EXERCISE DATA below:
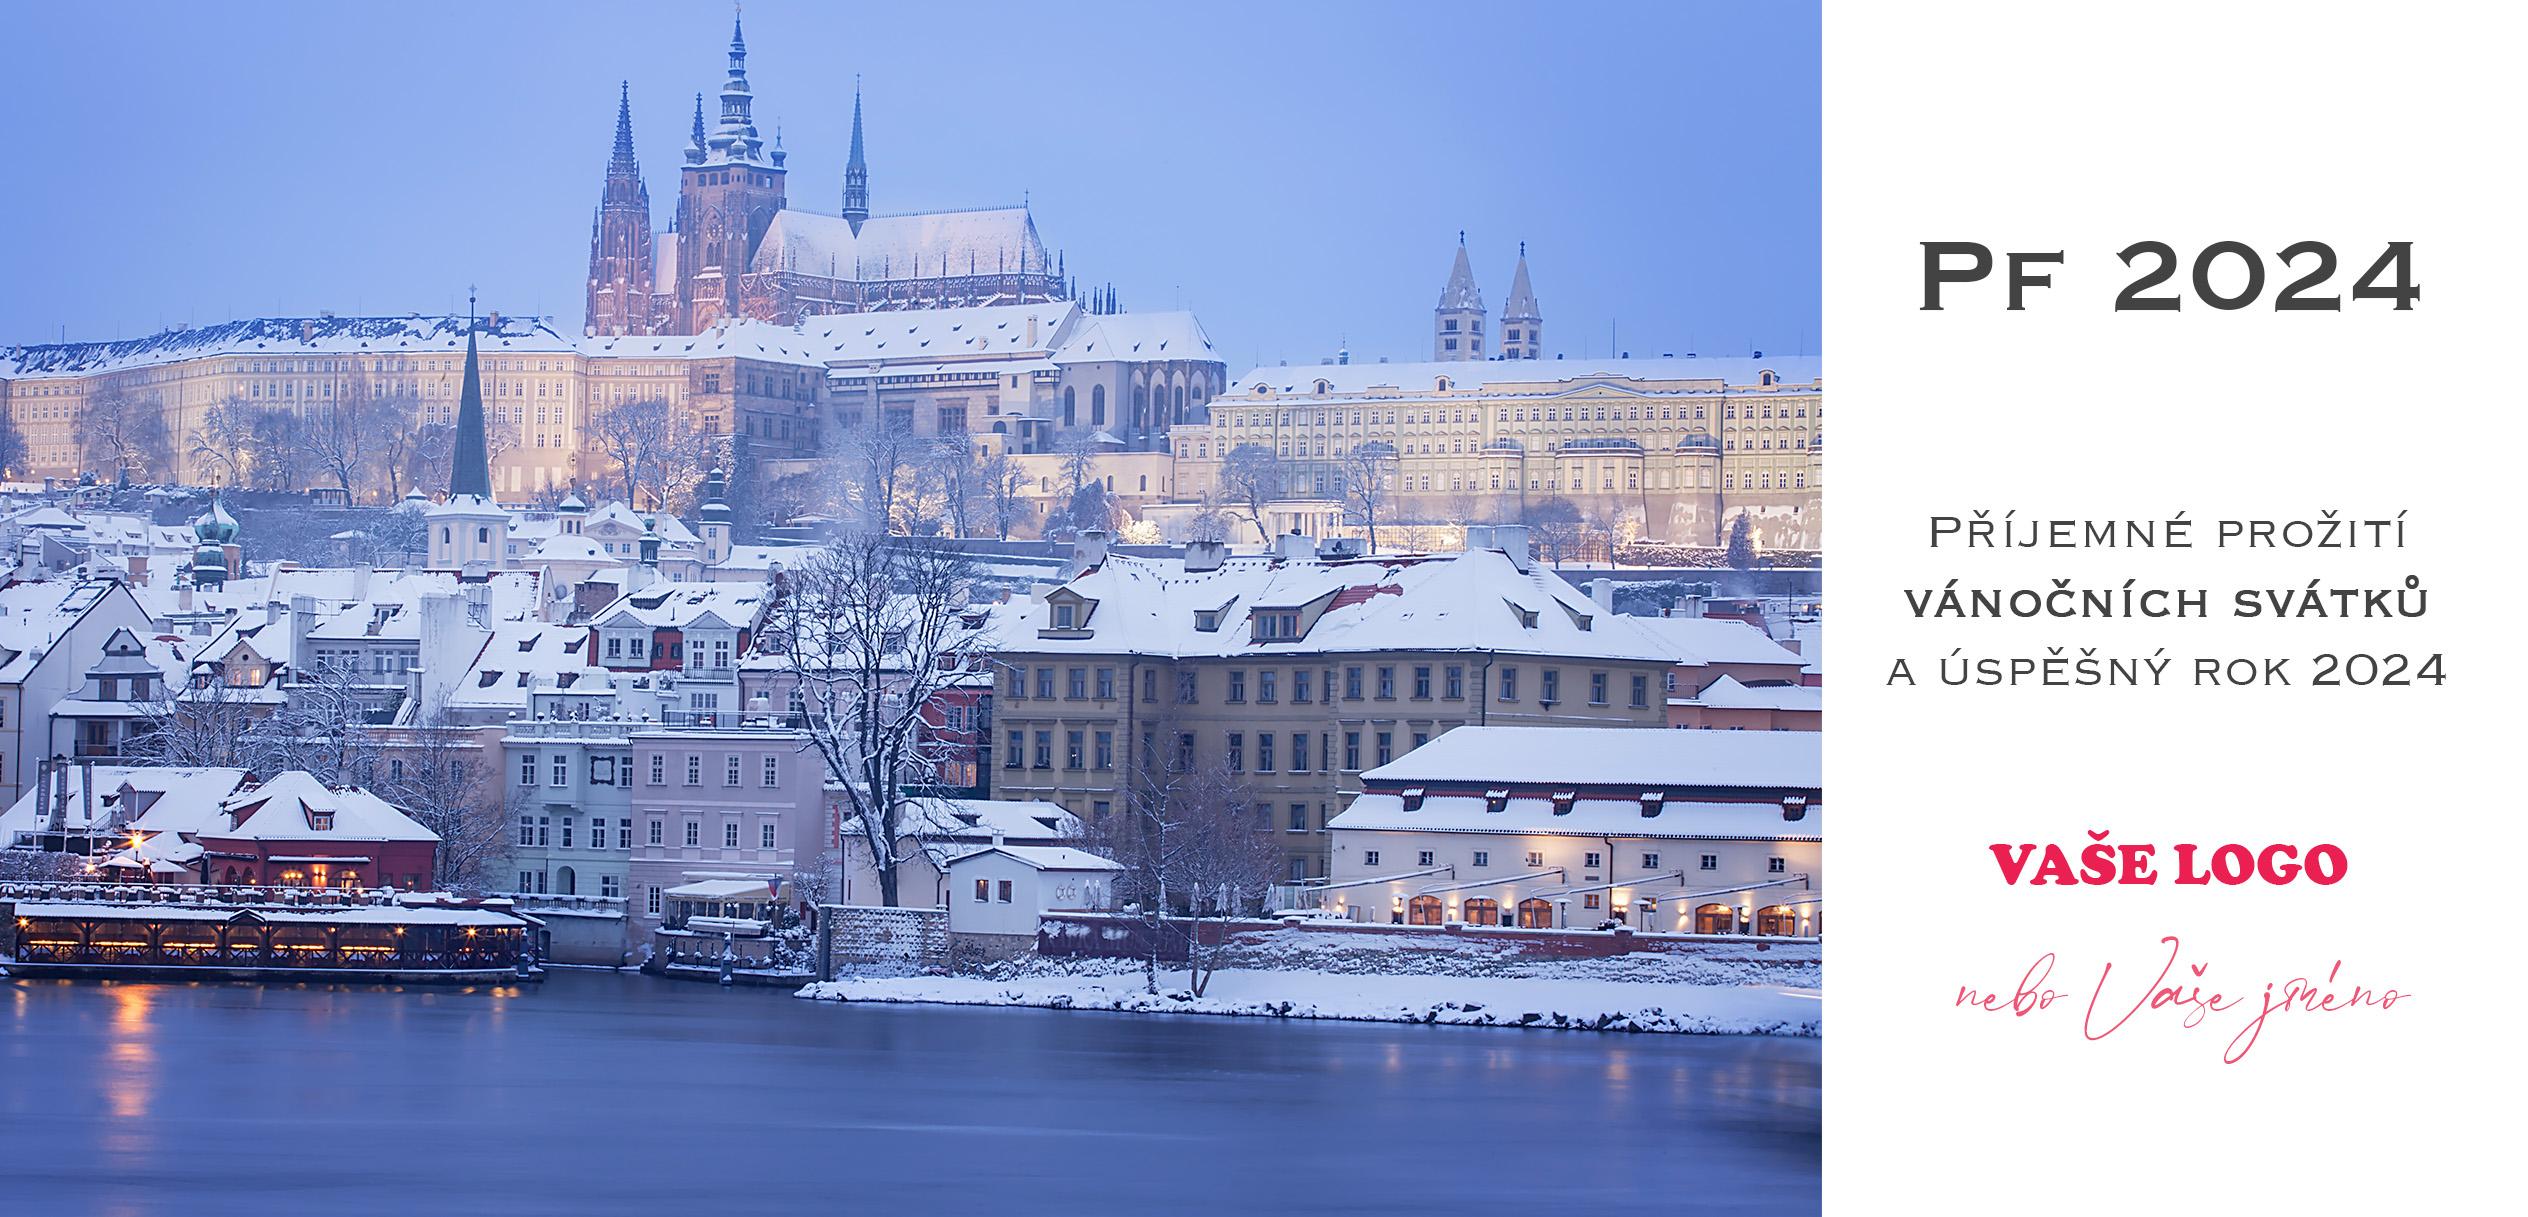 Zasněžená architektura Prahy dodává novoročenkám romantickou náladu, která ke svátkům patří.
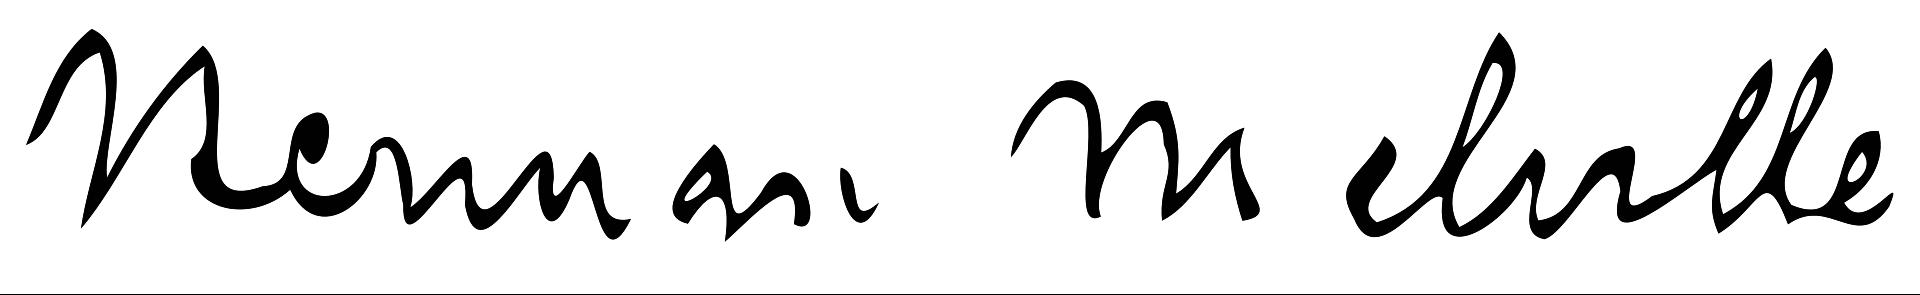 امضای هرمان ملویل
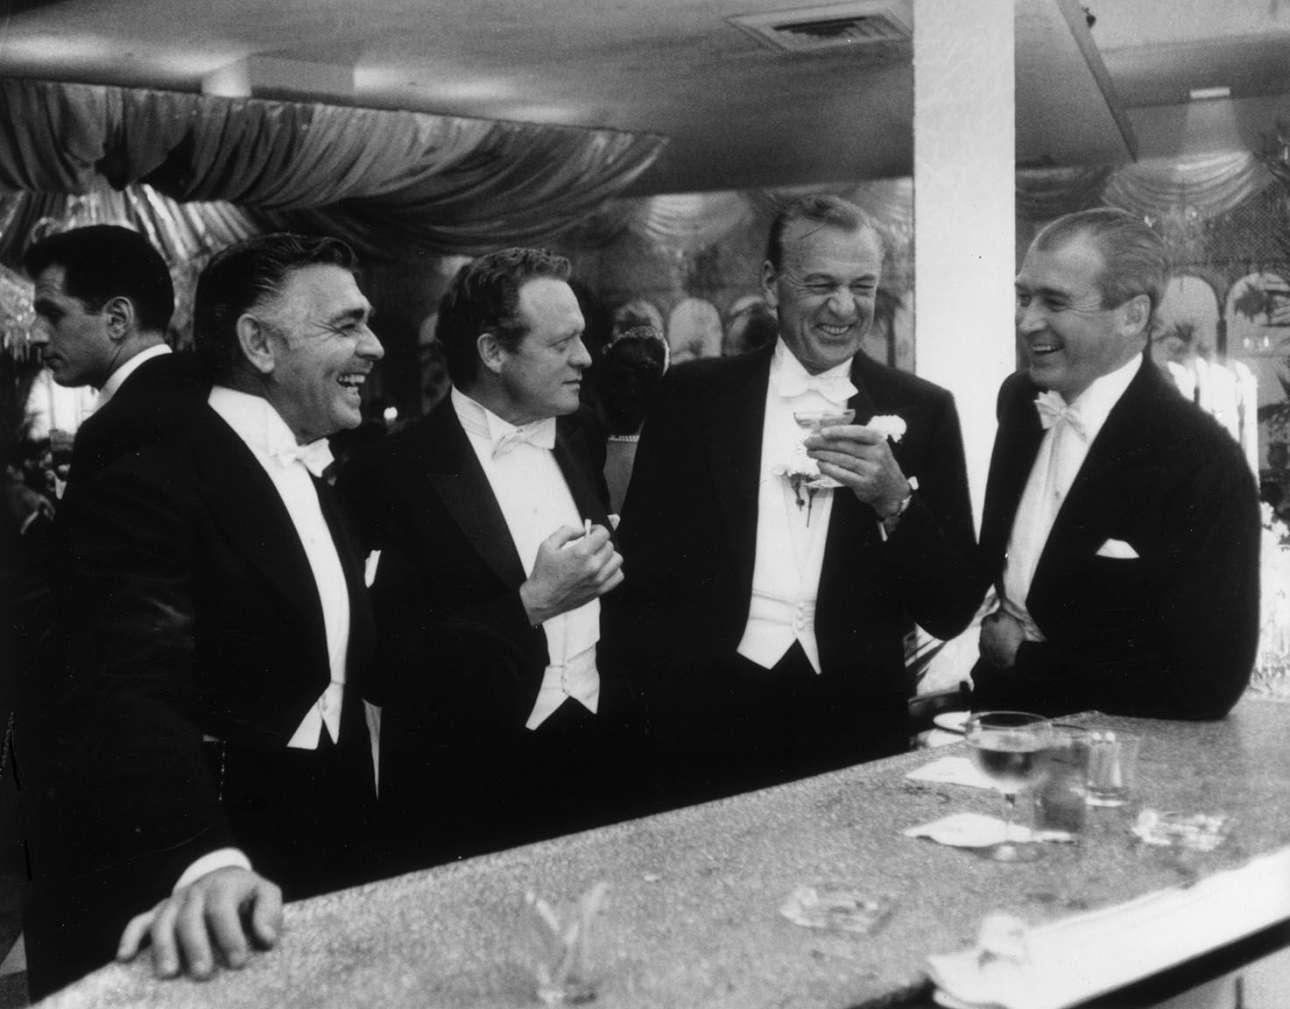 Οι βασιλιάδες του Χόλιγουντ: Κλαρκ Γκέιμπλ, Βαν Χέφλιν, Γκάρι Κούπερ και Τζέιμς Στιούαρτ στο εστιάτοριο Romanoff's στο Μπέβερλι Χιλς, το 1957
End of EXERCISE DATA.
■ INSTRUCTIONS TO FOLLOW
Word for word, return the material above, but drop the pictures.

■ YOUR RESPONSE
 Zasněžená architektura Prahy dodává novoročenkám romantickou náladu, která ke svátkům patří.
 امضای هرمان ملویل
 Οι βασιλιάδες του Χόλιγουντ: Κλαρκ Γκέιμπλ, Βαν Χέφλιν, Γκάρι Κούπερ και Τζέιμς Στιούαρτ στο εστιάτοριο Romanoff's στο Μπέβερλι Χιλς, το 1957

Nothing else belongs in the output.